Came up with a multifunction table plan trying to focus on accuracy, space, and mobility. I'm active duty mil, so it had to move and have some storage for anything related to the tools in it. Long term goal is to get into surf board building, so needed a few weird ones compared to most tool setups. Please feel free to criticize and point out any problems. Trying to prototype as much as possible before laying out the cash for the 8020, most likely tnutz.


















Construction is 10 series 8020 except the rail/fence which is 15 series, more on that later. Spacing panels are filled in with 1/4" plywood or grooved 1/2"+ for panels that will mount drawers. That should be braced well enough to avoid using lots of gussets, etc. and prevent any significant flex. Tools include Delta 36-725 table saw stripped, Triton 3.25HP router, Bosch jigsaw, and Angled/Horizontal Router using a Makita 2.25hp motor. Bottom space with hold space for jigs, sleds, the fence, etc. Whats missing due to lack of skills with sketchup, the drawers, piping and electrical, and router plates. Dimensions are roughly 40" wide with rail, 76" long, and counter height of ~40".









Table saw:
It has been stripped as the arbor is mounted to the top, tilt wheel reinstalled to left side. Miter rails extended. Will ultimately be a fold down infeed, outfeed, and left sided table for panel work using 8020 as well. Just to right of table saw will be a pass through drawer for blades, zero clearance inserts, tools, and smaller jigs.

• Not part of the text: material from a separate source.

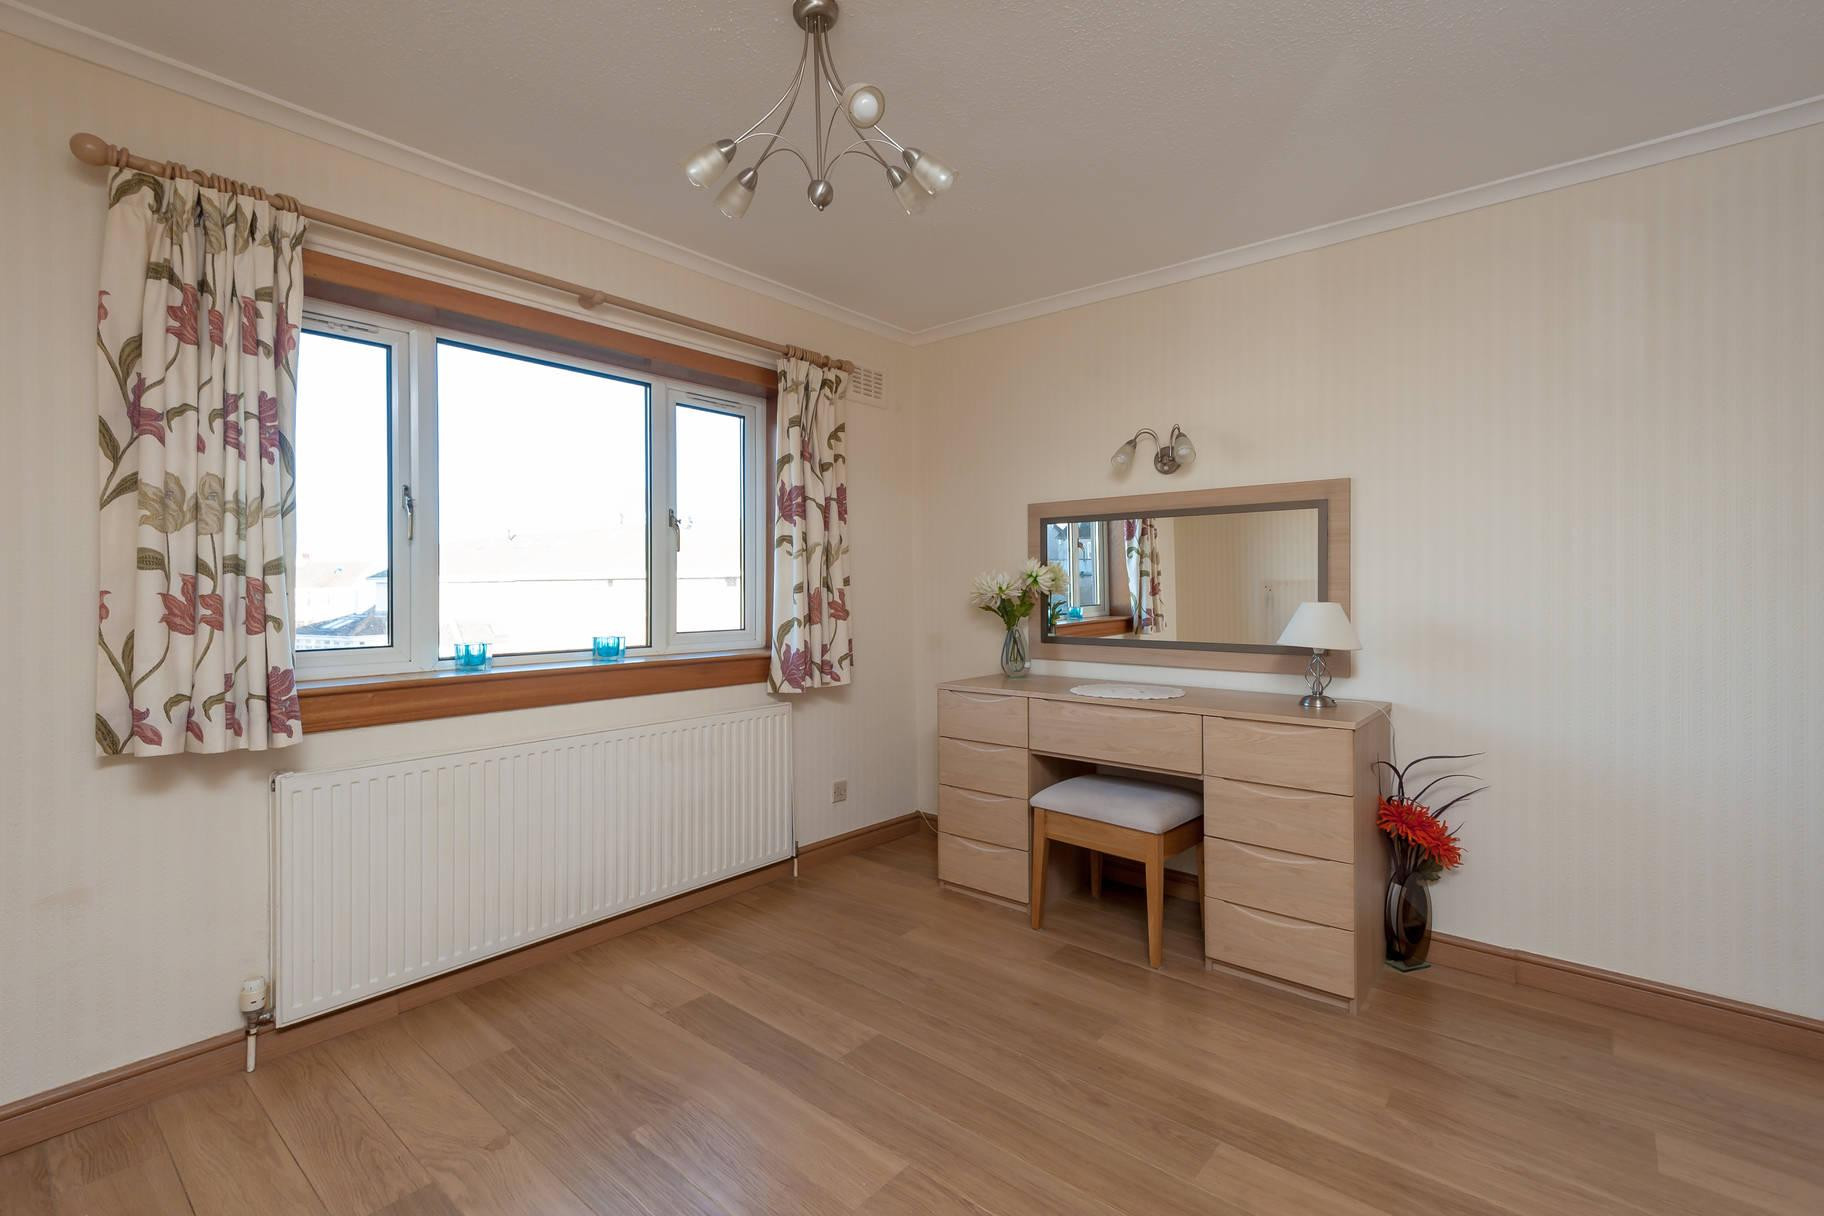 direct hardwood flooring charlotte nc of property for sale edinburgh scotland murray beith murray solicitors intended for 50 silverknowes court edinburgh eh4 5nw

Table saw top is two 0.5" layers of plywood, and then a 0.5" layer of phenolic plywood.









Incremental fence: I think I figured out a way to beat the Incra fence to fix that long side extension. A 3/8" acme rod fits almost perfectly in the groove of a 15 series series extrusion but is protected. McMaster has a 16TPI x6ft for fairly cheap, as well as the left thread rods to mesh. Basically the rod is sealed into a 71" 15 series extrusion by end caps with HDPE. The ends will be ground down to mount an incremental knob as well as a ball detent to set. Theoretically 16 positions would get to 1/256" resolution with a error of 0.003 per foot. For compactness, the hinges ride on these which mount the fence. The other side has a rail with a repeat setup to trim it up separately for the router. The fence has two fences, a 1545 for the table saw, and a 1530 for the router. Theoretically there are 4 bearings to mount this with knobs on each side to lock. The threaded rod stop is fitted to a small piece of 1515 hinged and springed to press into the groove with the rod.

Jig saw is standard and plate mounted. Mostly to be used for cutting out rib templates.









Routers: The fence is build with 3030's and a space for suction, a hose attachment will plumb off the back. The horizontal combo router is interesting. The plate slides for the horizontal part, but enables adjusting to rail to sink with the other router when in vertical mode. It has a +50 to -50 angle flex in both modes. Theoretically this gives you a full range of -45 on the bottom face all the way to +45 on the edge, which is 180 degrees of angle coverage without having to reposition the piece. In front and behind the triton router is space for drawers for router bits, jig blades, and other fence attachments. The area around angle router is left open to adjust, as there are knobs rotating the platform, locking the angle, and locking the depth of cut.

Missing stuff: Plates are all 0.5" lexan. Vacuum will plumb off the bottom of the table saw, route left to right just above the empty space for jigs, T off to the smaller tools and then route out the front right. Switches are front left x2 and back right x2. Outfeed tables boarding all 3 edges of saw


----------



## Bob5103 (Feb 13, 2016)

It looks like a cool design! I have 2 problems with router table extensions on a table saw. When I had one, these are the problems I had.
1. You have to plan your work flow. Without a system like the Incra fence it is damn near impossible to exactly match a previous setup. This happened more often than I care to talk about, it might not be a problem for somebody better organized. 
2. My saw table is 35 1/2" off the ground. This is fine for using making cuts. But it was too low for an extended router session, really made my back hurt. Moving my router up to 37" made all the difference for me. Again may not be a problem for other folks. 
I don't know squat about surf boards, so I can't comment on the jig saw. I would be very interested in seeing the final product!
From a vet to an active duty, Thank You!


----------